** Supplied data follows **

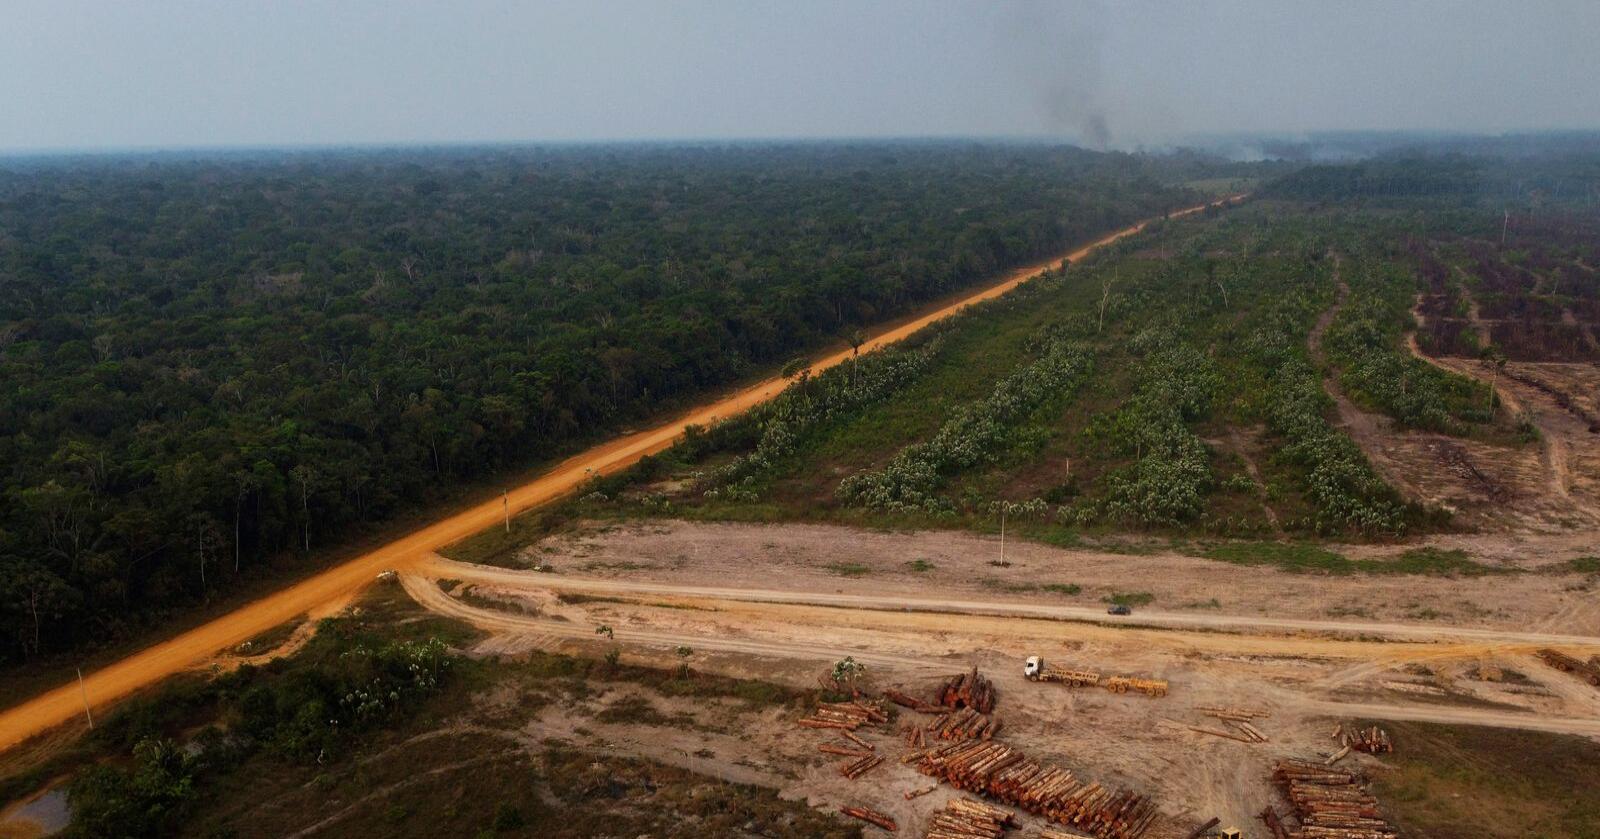 Det pågår en bitter kamp mellom de som ønsker å bevare regnskogen og de som vil utvinne blant annet tømmer. Brasils nye president Luiz Inácio Lula da Silva har lovet større beskyttelse av regnskogen og stanse avskogingen. Foto: AP / NTB
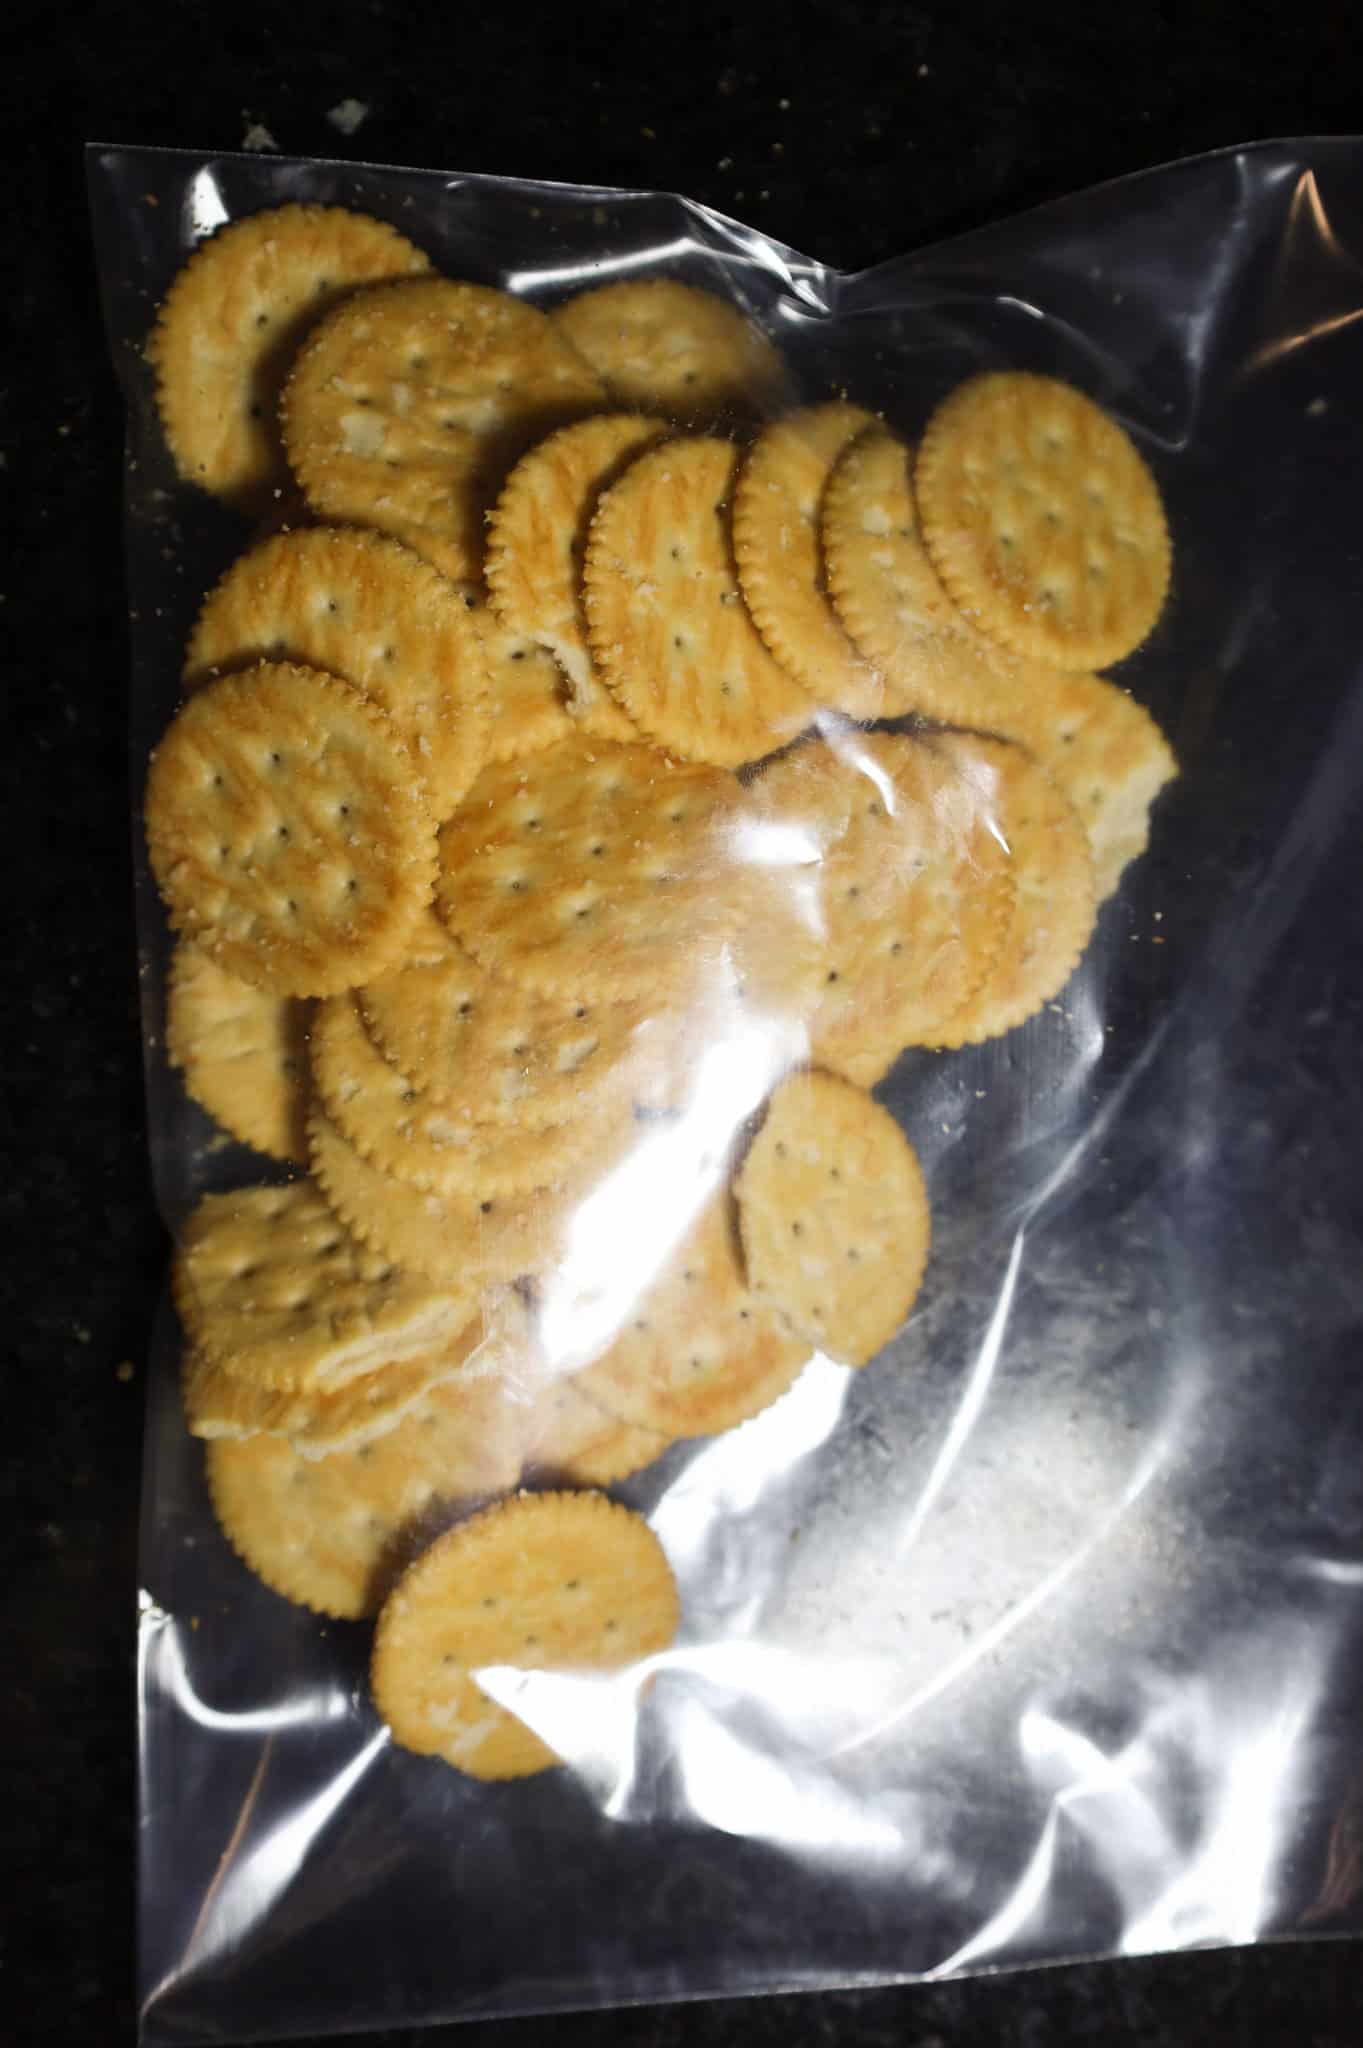 ritz crackers in a Ziploc bag
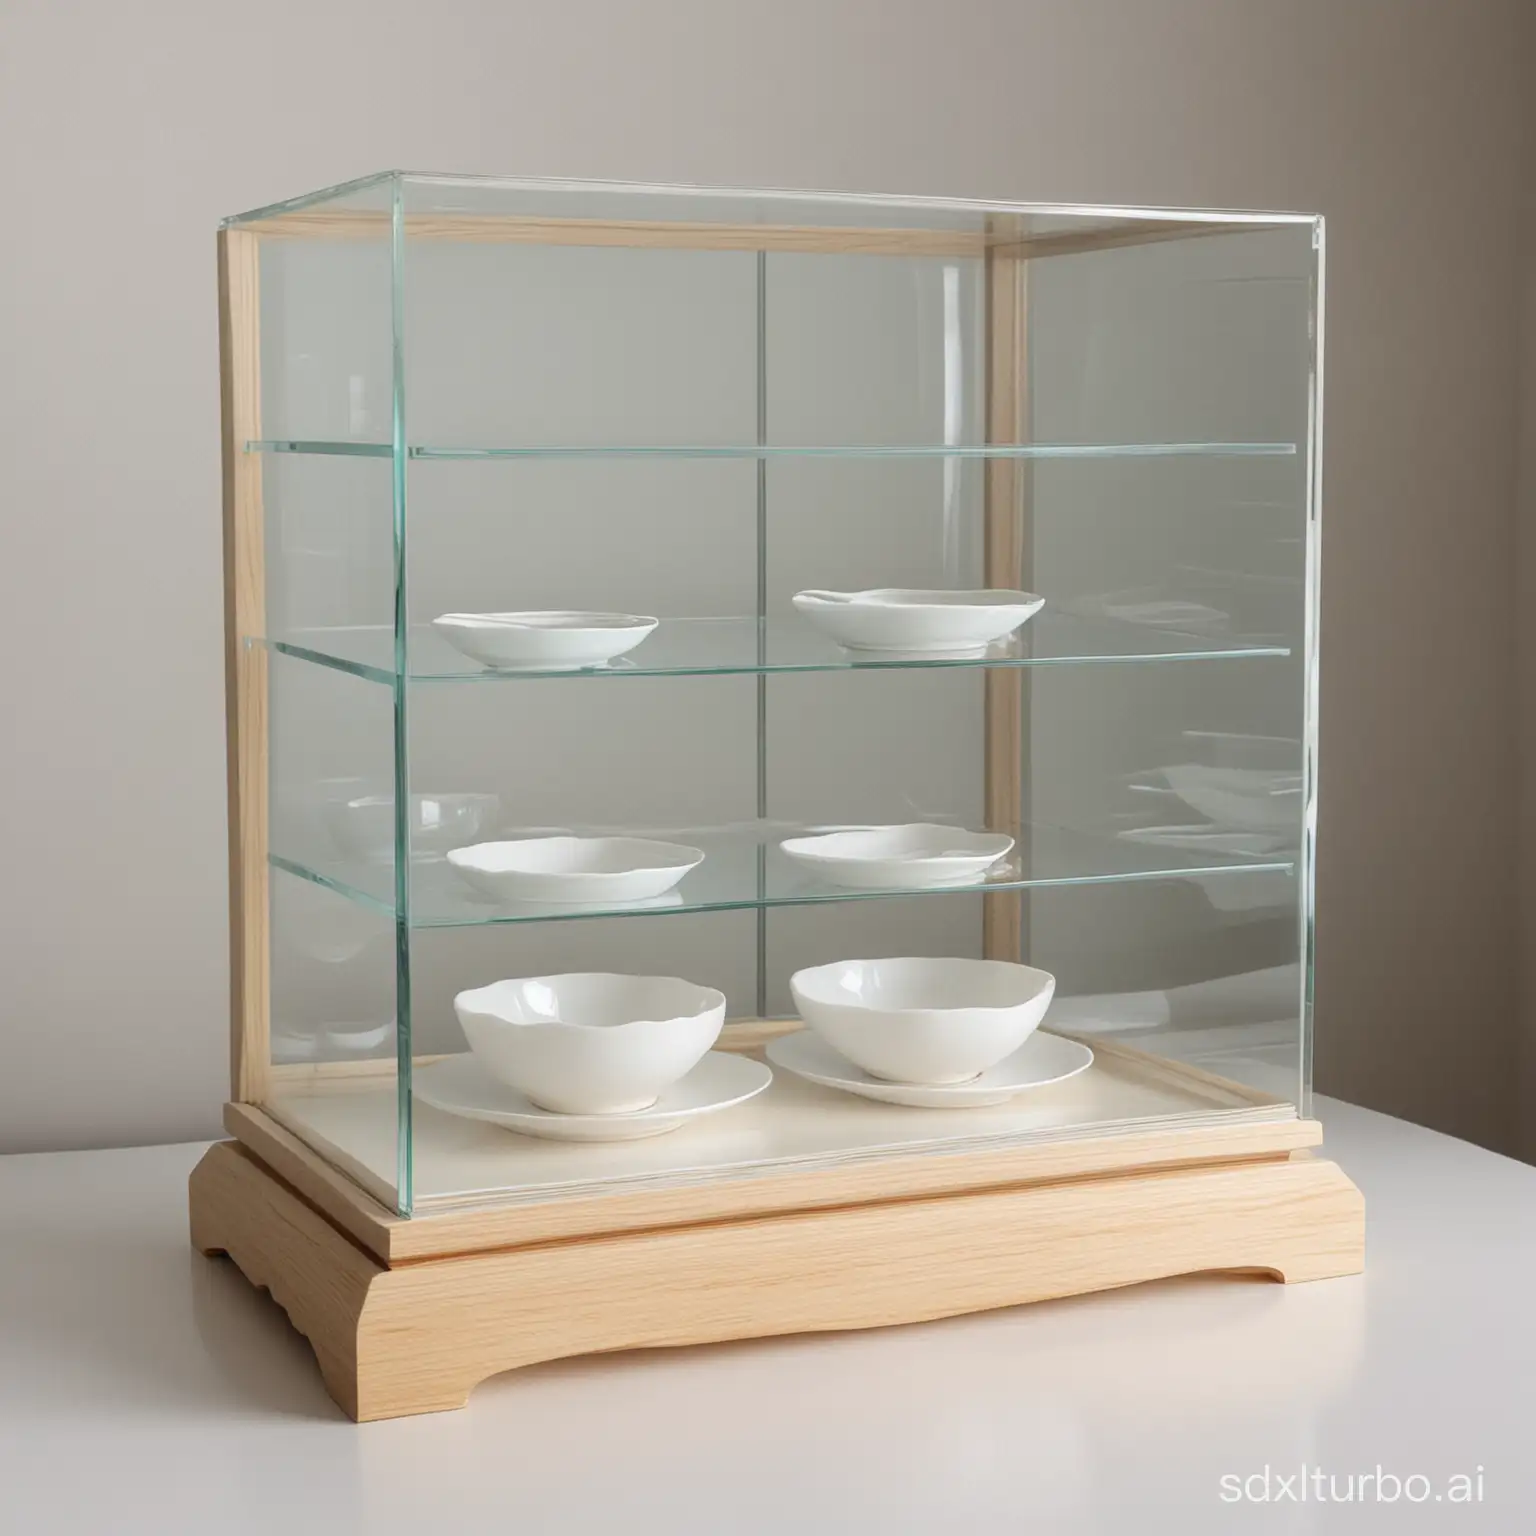 Minimalist-White-Tableware-Arrangement-in-Glass-Display-Case
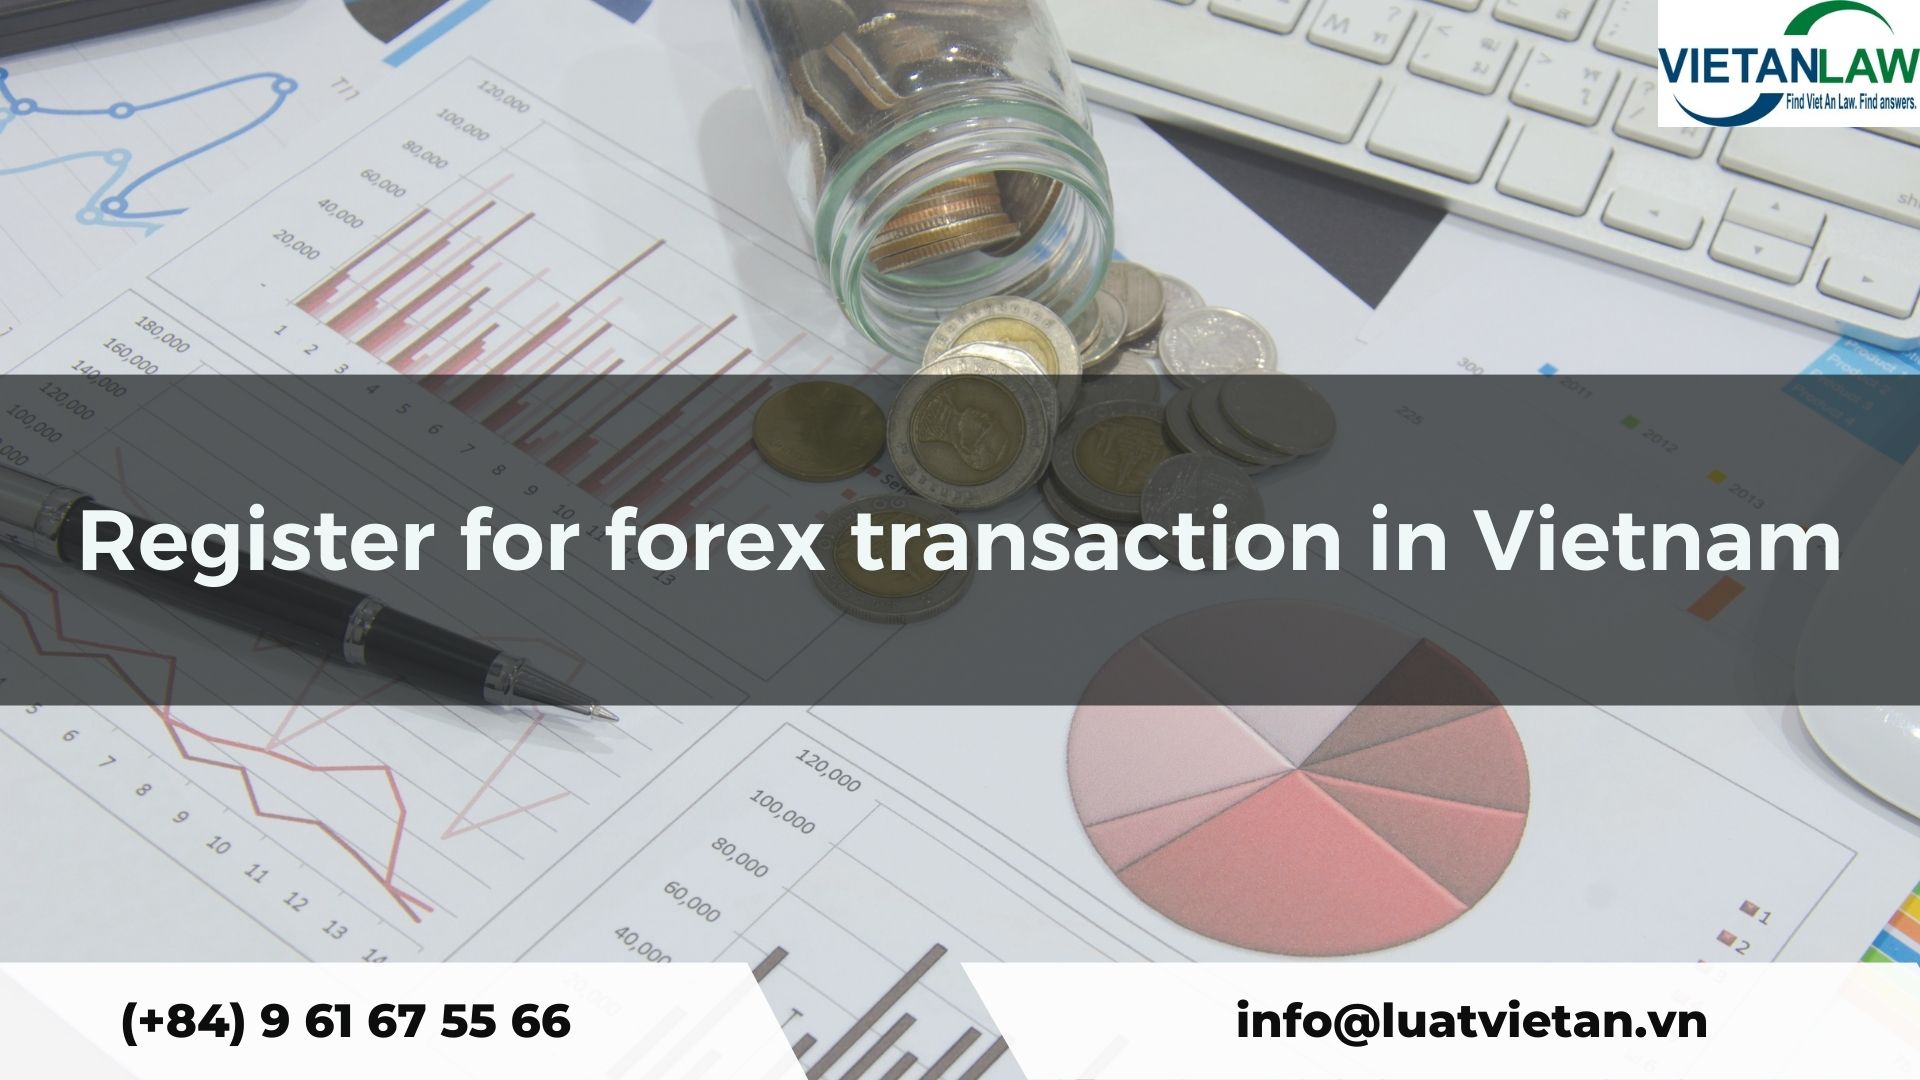 Register for forex transaction in Vietnam

** End of Supplied data **

### Action item
Copy exactly the lines that run from the line containing "ritz crackers in a Ziploc bag" to the end of the data, keeping both end lines and dropping every picture.

### Reply
 ritz crackers in a Ziploc bag
 Minimalist-White-Tableware-Arrangement-in-Glass-Display-Case
 Register for forex transaction in Vietnam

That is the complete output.